Gone were the days where deliveries took days to fulfil. Today, speed is of the essence with advancements in technology to streamline delivery processes.
Enter quick commerce (q-commerce), the third evolution of e-commerce.
foodpanda has grown from its humble beginnings in 2012 to be among the largest food delivery platforms in Asia with presence in 12 markets, the latest being its expansion into Japan in September.
Managing an equally diverse tech team is Benjamin Mann, CTO of foodpanda. In the first part of the interview with e27, Mann shares his experience in dealing with the multiple challenges thrown at his tech teams during the pandemic, how he sets them up to deal with them and the importance of balancing customer feedback and data.
How has foodpanda responded to changes brought about by the pandemic from a tech perspective?
Food delivery platforms are incredibly tech-intensive and a lot goes on behind the scenes — from placing your order to receiving it. If you look at the volume of steps that need to be taken in perfect sequence for someone to get food delivered within 25 to 30 minutes on a global scale as we operate, it’s a beautiful and elegant puzzle.
What we did prior to the pandemic which we are doing more now is that we’re constantly running many A/B tests to aid us in adjusting our tech solutions to the constant micro-changes in user behaviour.
With the volatile situation of the pandemic, it often requires us to make micro-adjustments in a particular vertical, framework or country. So we run numerous tests and evaluate the metrics that come out of it.
We are also trying to see how we can take an idea which was successful in country A to implement in country B by conducting small controlled tests on the local population.
Has the pandemic presented any new challenges for the tech team to deal with?
The pandemic has certainly thrown us numerous curveballs. For example, more customers are preferring contactless payments due to hygiene concerns triggered by the pandemic. Therefore, COVID-19 has certainly accelerated trends like that and we were forced to quickly adapt.
Other issues involved are the onboarding of merchants onto our platform virtually and ensuring this remained a smooth process for them. We have dedicated a whole team to work on making the process as seamless as possible by exploring how we can introduce certain features to reduce the steps required.
Our riders were also facing issues. Overnight, places were getting shut down and curfews were imposed. The remote working trend has resulted in certain areas having a higher demand now as they have become residential areas. On the other hand, office areas are seeing a drop in demand.

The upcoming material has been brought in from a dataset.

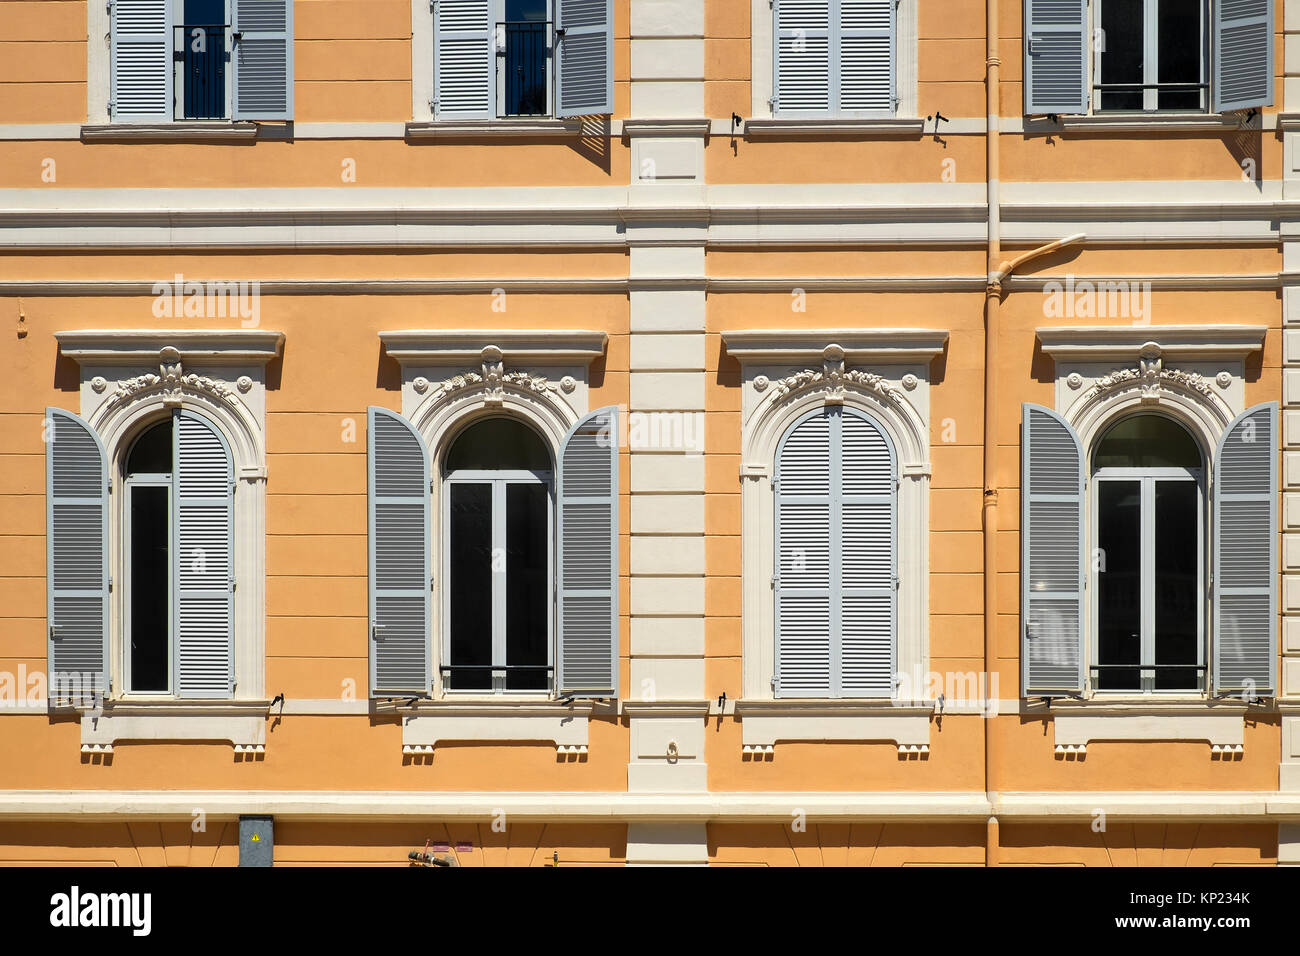 window shutters on a building in monaco Stock Photo
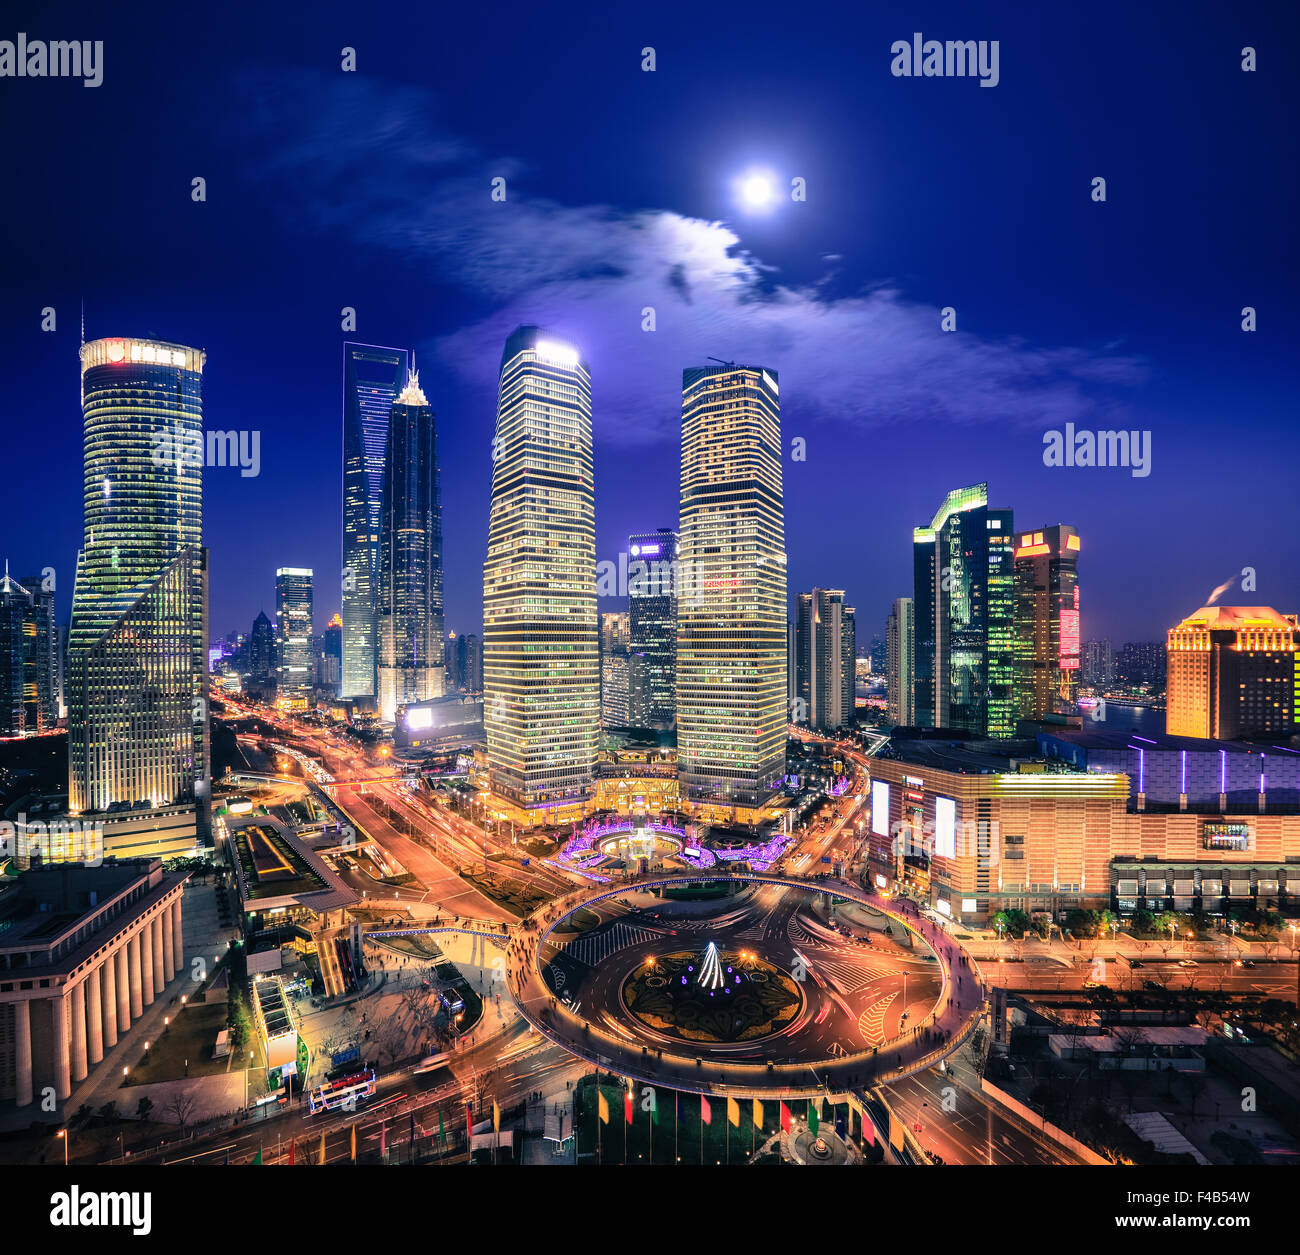 bird's eye view of shanghai skyline at night Stock Photo

How do you set up your teams to deal with the large magnitude of changes?
Food delivery is a complex business consisting of many moving parts that are often out of your control. For example, if it’s raining in Singapore or there is a parade somewhere in Thailand that blocks all the roads of the restaurant that you want to order, how does the rider make an on-time delivery in such circumstances?
Therefore, even before the pandemic, we had operated in a volatile and constantly changing environment. What the pandemic has done is that it has put some of these changes on steroids!
As a team, we are set out in a way that allows us to quickly move people from one focus area to another. From a technical point of view, what we needed to do is quickly adjust certain parts of our systems to deal with the increased demand.
For example, you would be seeing things like high spikes in demand right before the curfew starts because everyone wants their food delivered before riders can no longer go out. I often refer to such spikes as “micro-seasonality”, which had existed before the pandemic however they are greater now.
How has the multitude of changes altered how your teams operate?
It required our engineering and product teams to rethink how can we scale up and down quickly to cope with the increase and fall in demand. It has also forced us to fundamentally rethink how we are building our architecture.
Fortunately, we didn’t have to overhaul our architecture overnight or do rewrites as we were fast to adapt to the changing demands as our teams operate in a relatively autonomous way and changes are responded to quickly.
Our engineering and product teams have the liberty to amend their road map and prioritise what they feel is more important. This way, we can stay agile and make small changes and adapt instead making delayed decisions that would have necessitated an overhaul of our systems.
How do you balance data and customer feedback when building a product?
At foodpanda, we are extremely obsessed with metrics. We have dozens of dashboards in real-time or near real-time where teams can see the impact of smallest changes to the customer behaviour of a certain segment.
Therefore, customers sharing their feedback manually through our channels means we are too late in identifying their concerns. Instead, we should observe these metrics and identify changes in customer behaviour and decide on how we should respond.
If the metrics are moving in the right direction, it signals that we are doing the right thing and should continue. However, if it’s moving in the wrong direction, that’s when we need to analyse the data, run tests within control groups to identify the root cause of the issue and resolve it.
We try to focus more on data instead of relying purely on customer feedback. Feedback remains important because it does come from areas where we don’t have the right metrics to measure them. This is the space where we would value feedback instead.
In areas where we have the right metrics, we want to know that something is negatively impacting the customer before they tell us.